Optical Character Recognition (OCR) in document pipelines — The markitdown-ocr package adds OCR to handle scanned PDFs and image-heavy DOCX/PPTX files where native text extraction fails — understanding OCR pipeline integration is needed to work on those converters.
EXIF Metadata — MarkItDown extracts EXIF metadata from images and audio files as part of conversion — relevant when contributing to image/audio converter code.
PEP 517 / pyproject.toml packaging — All three sub-packages use pyproject.toml-based builds; understanding this modern Python packaging standard is required to correctly add dependencies or entry points.

Related repos

deanmalmgren/textract — The closest alternative Python library for extracting text from arbitrary file formats — MarkItDown's README directly names it as a comparable tool.
microsoft/autogen — Built by the same AutoGen Team; MarkItDown is designed to feed documents into AutoGen-based LLM agent pipelines.
modelcontextprotocol/python-sdk — The MCP SDK used by packages/markitdown-mcp to expose MarkItDown as an LLM tool server.
pymupdf/pymupdf — Common alternative/complement for PDF parsing in Python pipelines where MarkItDown uses pdfminer.
jsvine/pdfplumber — Another PDF-to-structured-text library frequently used in the same LLM document ingestion use case.

PR ideas

To work on one of these in Claude Code or Cursor, paste: Implement the "<title>" PR idea from CLAUDE.md, working through the checklist as the task list.

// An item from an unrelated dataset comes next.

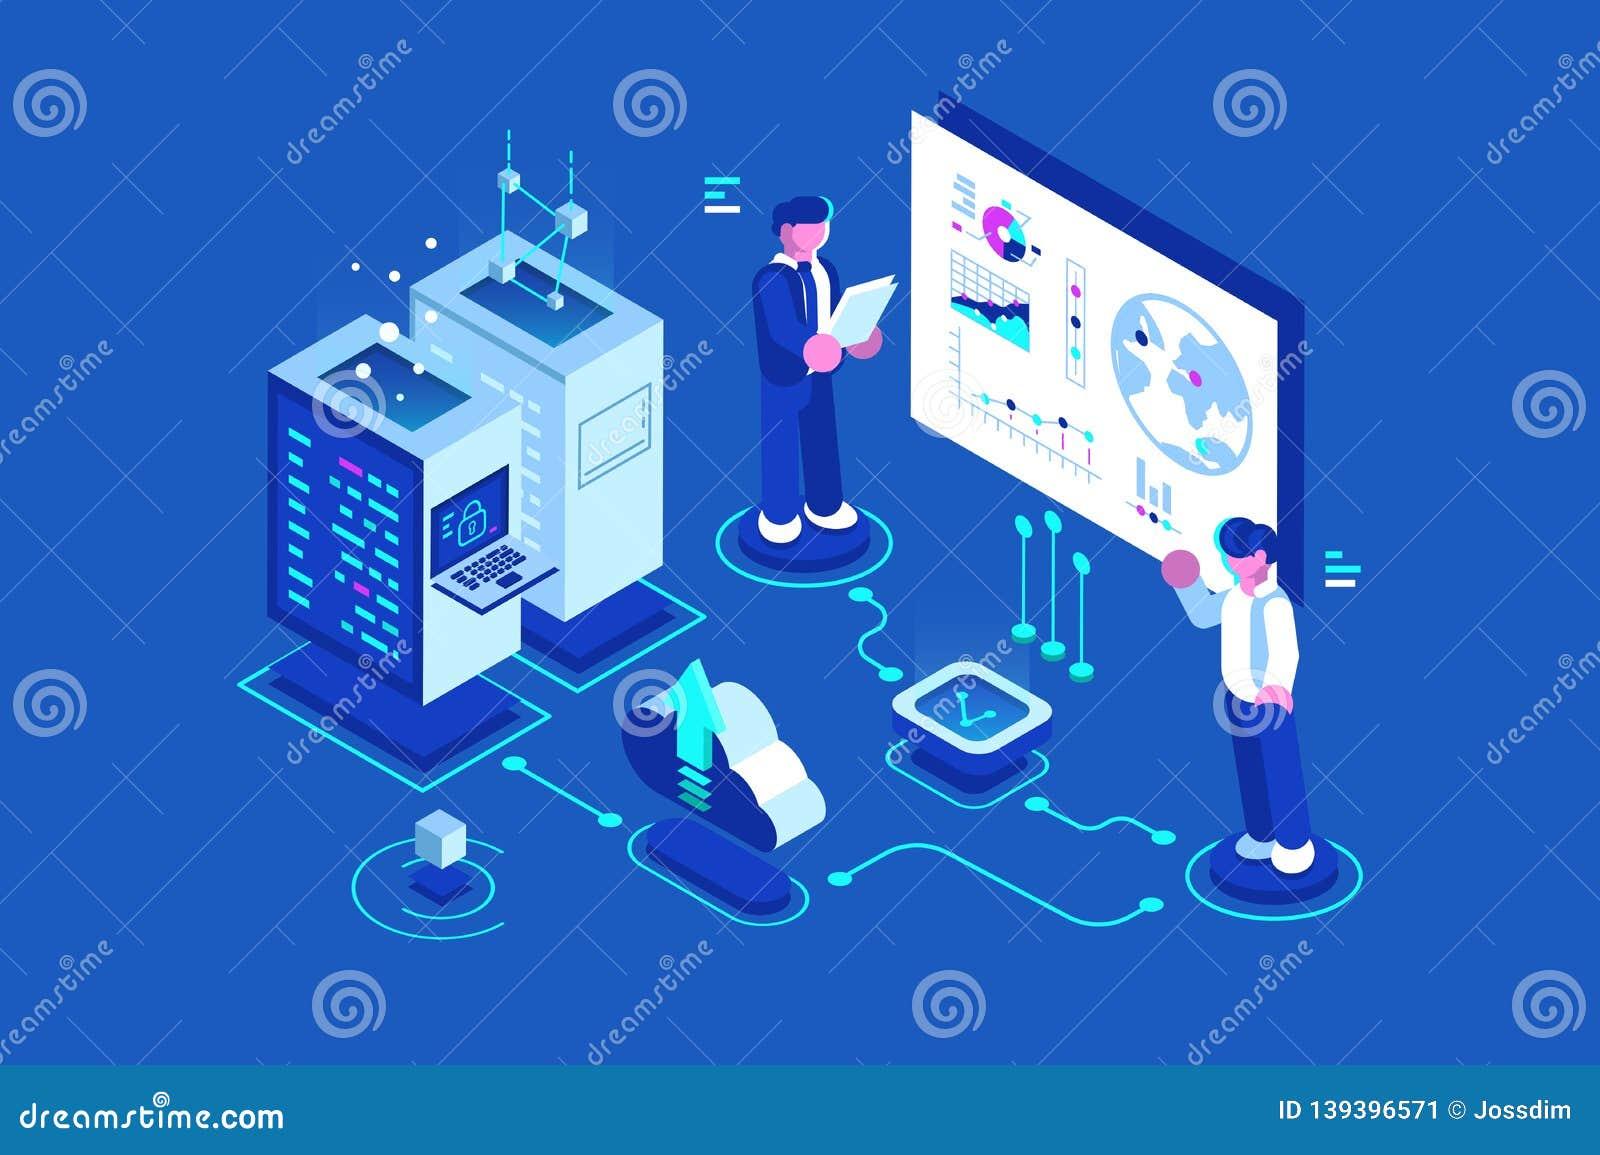 Internet Data Center Stock Vector Illustration Of Administration 139396571

Add integration tests for markitdown-mcp package (packages/markitdown-mcp/tests/init.py is empty)

The markitdown-mcp package has a tests directory with only an empty init.py file, meaning there are zero tests for the MCP server functionality. This is a critical gap since the MCP server exposes MarkItDown to external LLM tool-calling clients. Tests should cover the tool registration, convert tool invocation, error handling, and the main.py entry point.

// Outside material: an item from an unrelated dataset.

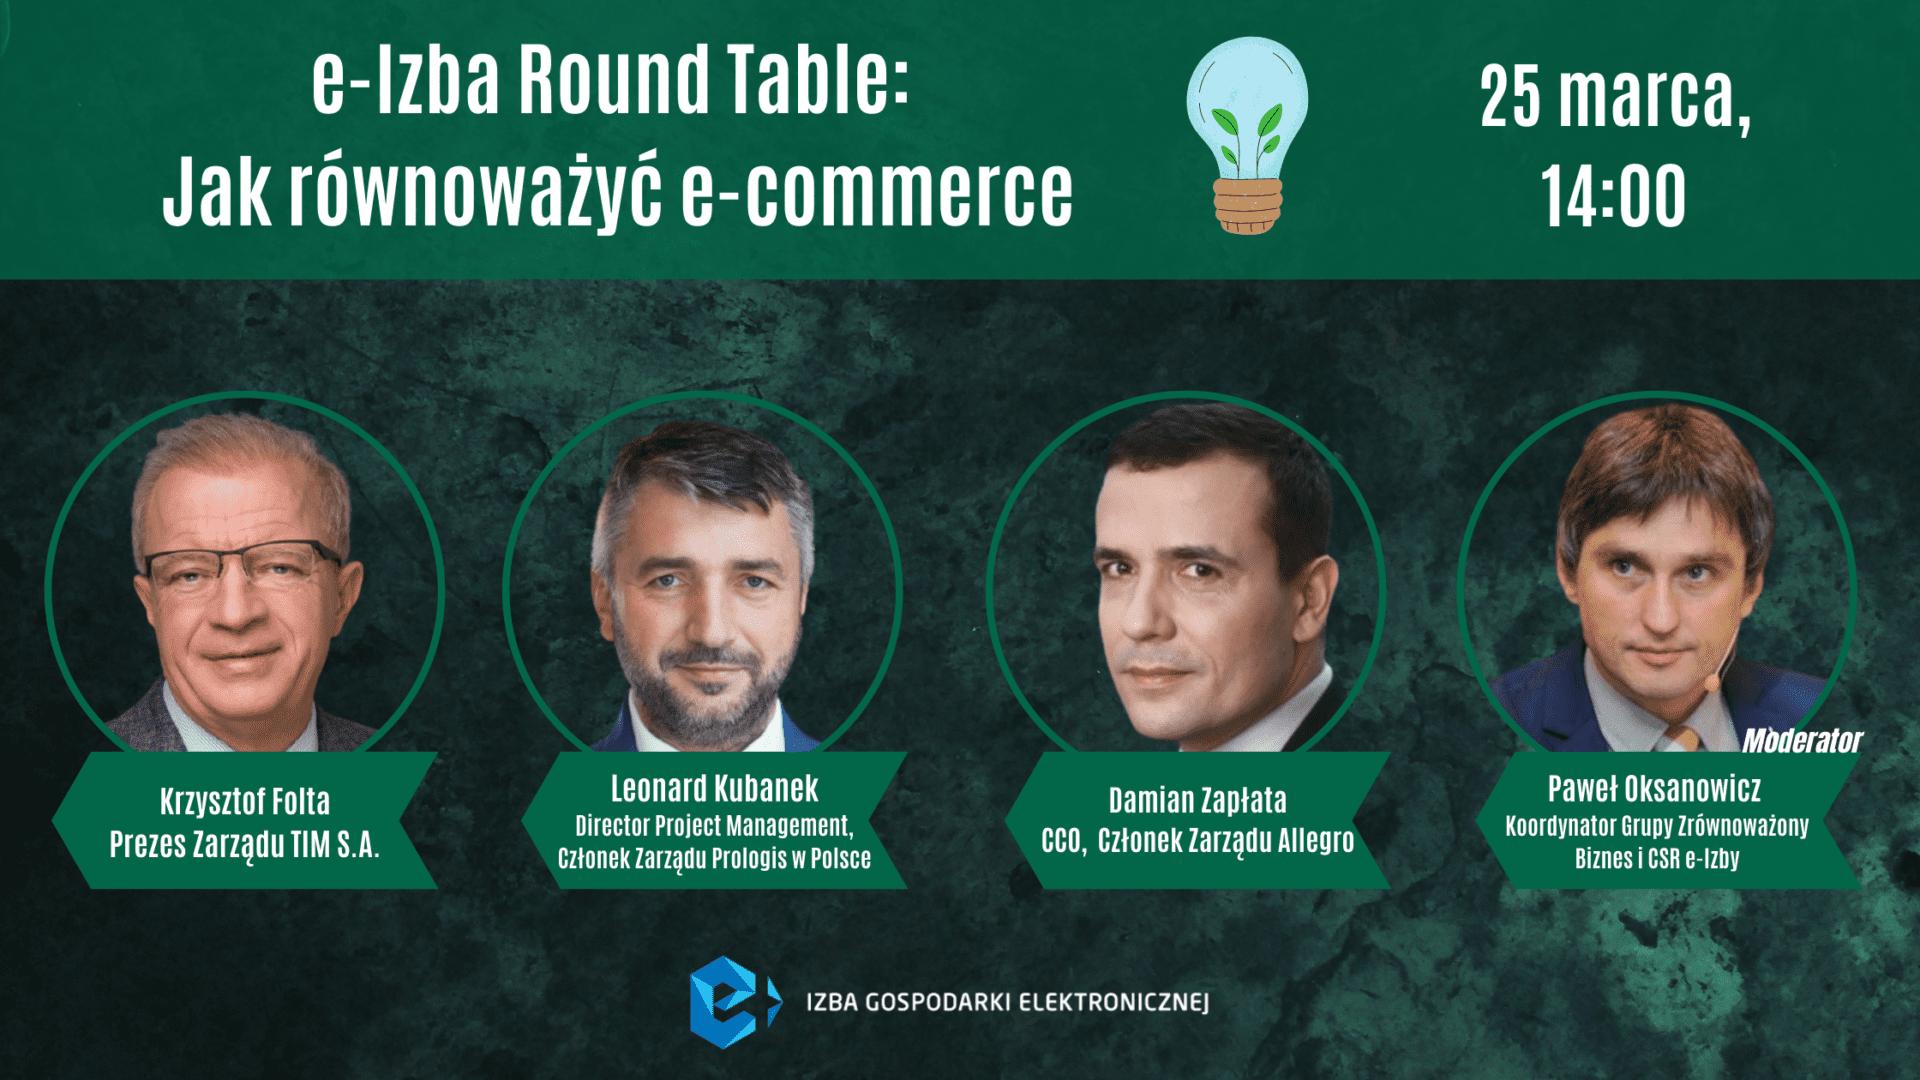 e-Izba Round Table: Jak równoważyć e-commerce?

[ ] Inspect packages/markitdown-mcp/src/markitdown_mcp/init.py and main.py to understand the exposed MCP tool surface
[ ] Add packages/markitdown-mcp/tests/test_mcp_server.py with unit tests that mock the MCP server and verify tool registration and response format
[ ] Add a test for convert_local invocation via the MCP tool call, asserting Markdown output is returned correctly
[ ] Add a test for error cases (e.g., file not found, unsupported format) to verify the server returns proper MCP error responses
[ ] Wire the new tests into .github/workflows/tests.yml so they run in CI for the markitdown-mcp package

Add a dedicated CI workflow for the markitdown-ocr package that installs OCR system dependencies

The markitdown-ocr package has extensive test data (20+ test files across PDF, DOCX, PPTX, XLSX) and four test modules, but OCR packages like pytesseract or similar typically require system-level binaries (e.g., tesseract-ocr) that must be explicitly installed in CI. The existing .github/workflows/tests.yml likely does not install these, causing OCR tests to be silently skipped or fail. A dedicated workflow ensures OCR conversion quality is continuously verified.

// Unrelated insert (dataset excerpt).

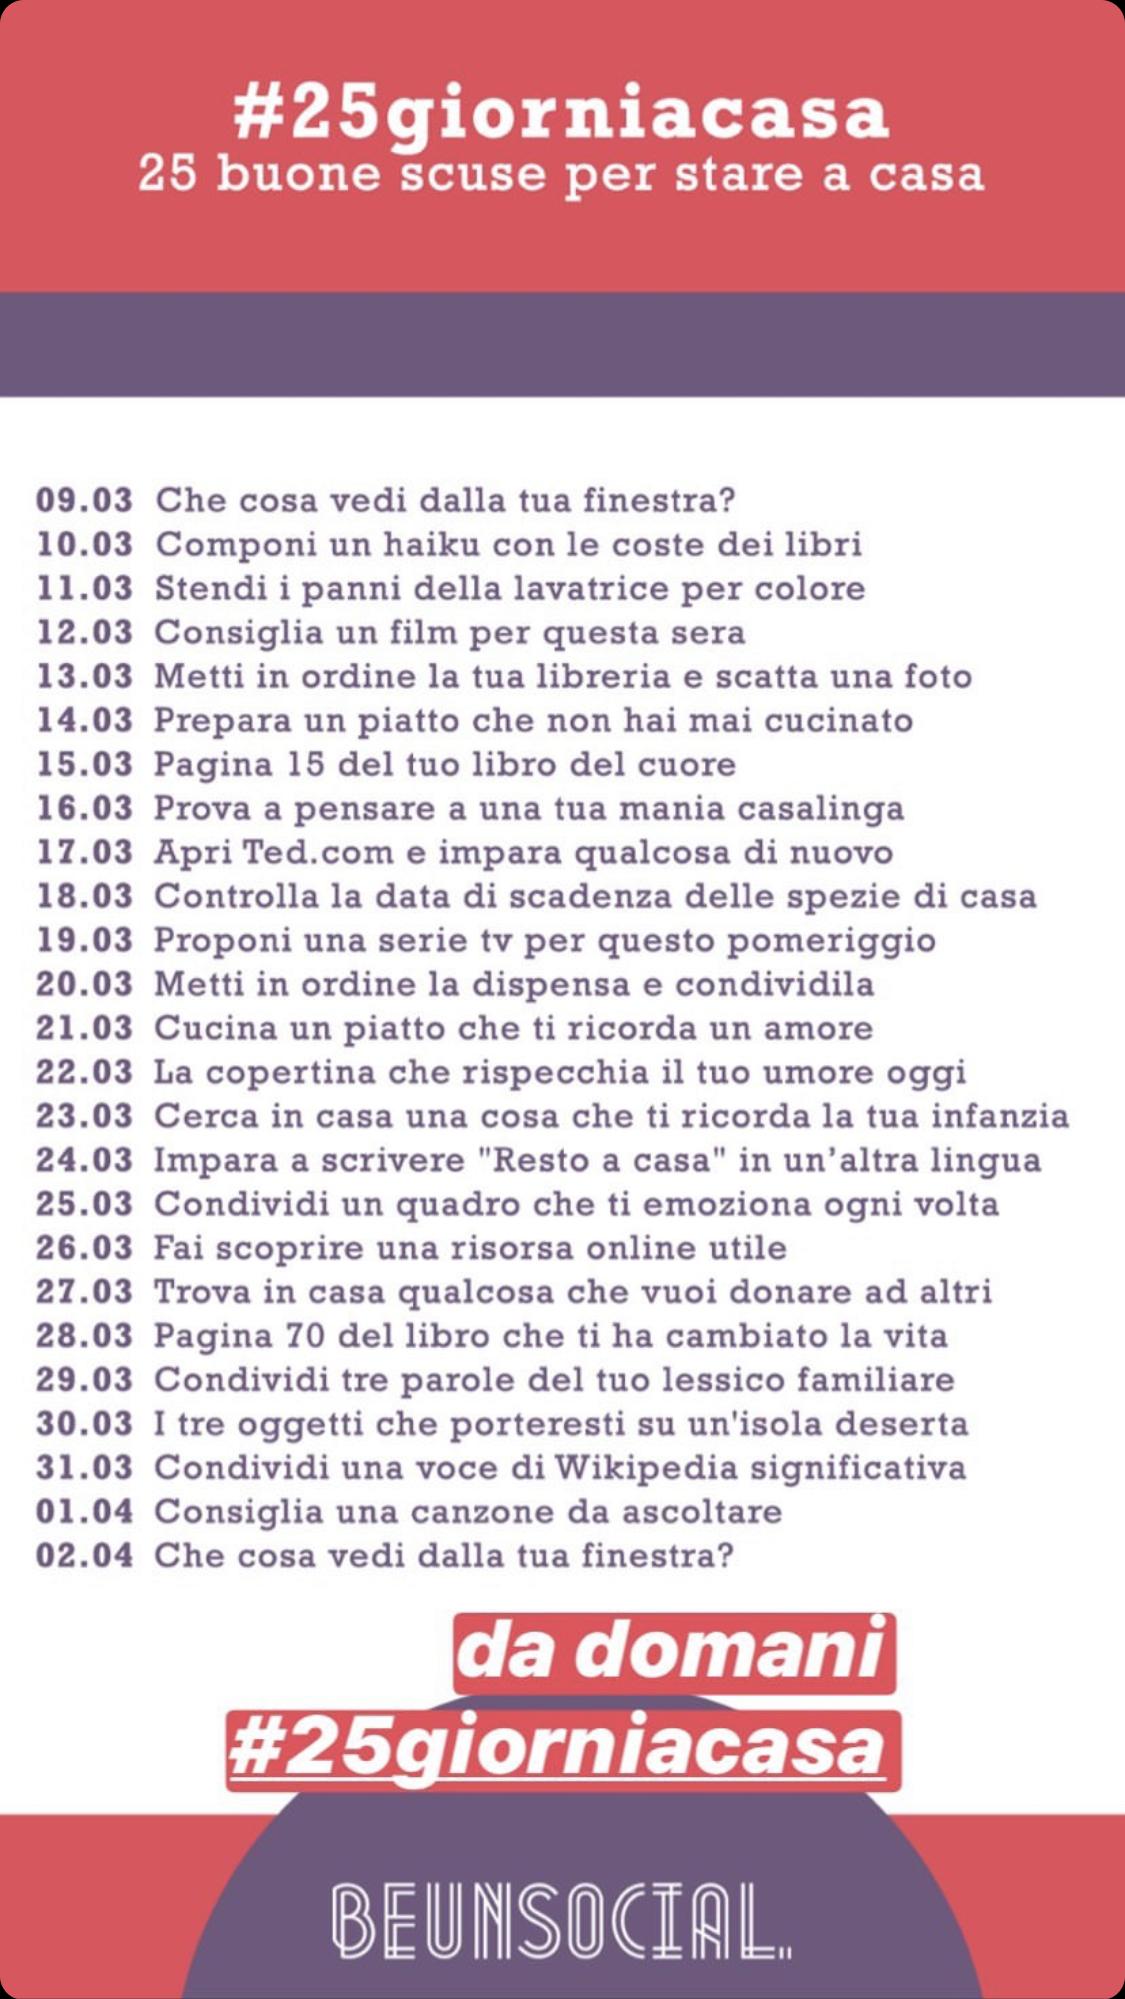 challenge #25giorniacasa alice avallone

[ ] Audit .github/workflows/tests.yml to confirm whether OCR system dependencies (e.g., tesseract-ocr, poppler-utils) are installed before running markitdown-ocr tests
[ ] Create .github/workflows/tests-ocr.yml that runs on ubuntu-latest, installs tesseract-ocr and poppler-utils via apt-get, installs the markitdown-ocr package with its extras, and runs pytest on packages/markitdown-ocr/tests/
[ ] Add a matrix across the scanned PDF test files in ocr_test_data (pdf_scanned_invoice.pdf, pdf_scanned_meeting_minutes.pdf, etc.) to ensure each is converted successfully
[ ] Add a badge or note in packages/markitdown-ocr/README.md referencing the new CI workflow status

Split packages/markitdown-ocr/src/markitdown_ocr/_ocr_service.py into format-specific OCR adapters to reduce coupling

There is a single _ocr_service.py file that is imported by four separate converter modules (_pdf_converter_with_ocr.py, _docx_converter_with_ocr.py, _pptx_converter_with_ocr.py, _xlsx_converter_with_ocr.py). Each format likely has different OCR needs (e.g., PDFs may use page-level rendering, DOCX/PPTX need image extraction from zip internals, XLSX needs cell-image handling). Centralizing all logic in one service file creates a large, hard-to-maintain module and makes it difficult for contributors to add new format support. Splitting it improves maintainability and testability.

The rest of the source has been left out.